Purple Cow, by Seth Godin
Book Summary & Takeaways
Table of Contents
Purple Cow, by Seth Godin
Quick Book Summary
What if you saw a Purple Cow? 😲
Picture this. You’re driving along a country road. The air is crisp and clean, and the sun is shining. You look over and see a brown cow on the side of the road eating grass. You haven’t seen many cows before, so this cow is really interesting. However, after 4 hours of driving, the same brown cows are no longer interesting to you. You’ve seen too many of them, and you’ve become habituated to the sight of brown cows. Well, that’s marketing and advertising in today’s world. We are constantly bombarded with advertisements. There are too many brown cows to notice any one particular brown cow.
Now, think about this. What if you’re driving on that same country road and you look over to see a purple cow munching on some grass? Now THAT would get your attention because THAT would be remarkable. The sight of a purple cow would likely be enough to get you to stop your car, get out, and take a picture. 🤳 A purple cow would be worth talking about. In fact, it would be difficult not to talk about a purple cow.
So think about this.
What if your product or service was a purple cow? What if people had to talk about your business? 🤔
That’s what this book is all about.
If you’re ready to learn how to create a Purple Cow, check out Free Prize Inside, by Seth Godin.
Outline
Lesson 1: What is a Purple Cow?
Traditional Thinking and the 5 P's of Marketing
Traditional marketing was about a combination of the following:
- Product
- Pricing
- Promotion
- Positioning
- Publicity; or
- Packaging
Purple Cow is the new "P"
- A purple cow is remarkable, unusual, spectacular
- It’s worth talking about
- A purple cow in a field of (boring) brown cows would get your attention
What if your product or service was a Purple Cow?

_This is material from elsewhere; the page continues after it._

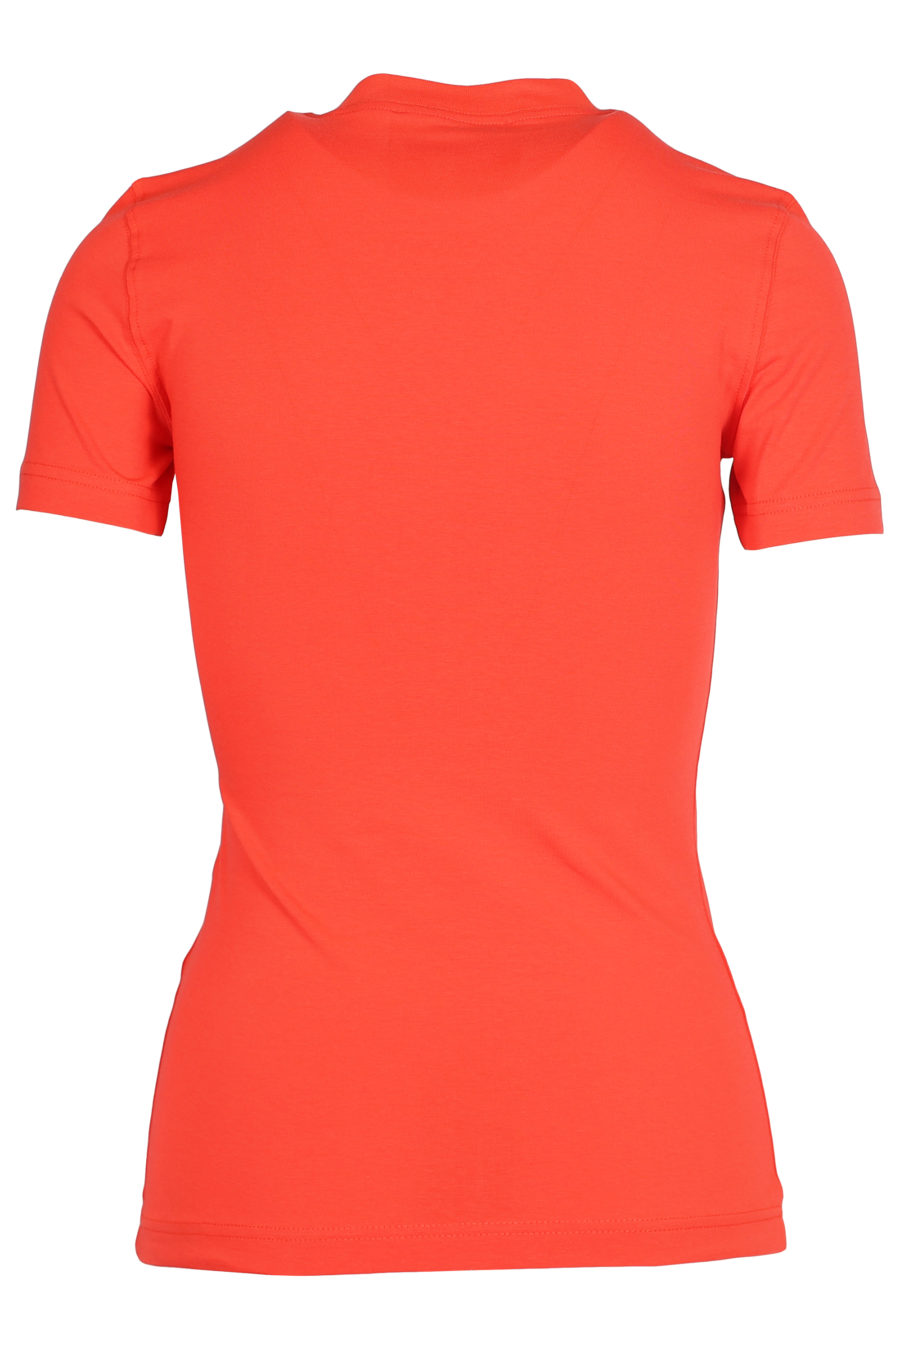 Camiseta color coral con logo plateado - IMG 5494

Lesson 2: The World Has Changed?
There are more choices available to the average consumer than ever before, and less time to sort through those choices.
The old way of Marketing
Steps:
- Create an average, ordinary, safe product;
- Buy TV and newspaper ads;
- Get more distribution;
- Sell more products;
- Make more money;
- Buy more ads with the profit; and
- Repeat the process.
The old method of marketing was based on selling average products to average people and marketing to the masses.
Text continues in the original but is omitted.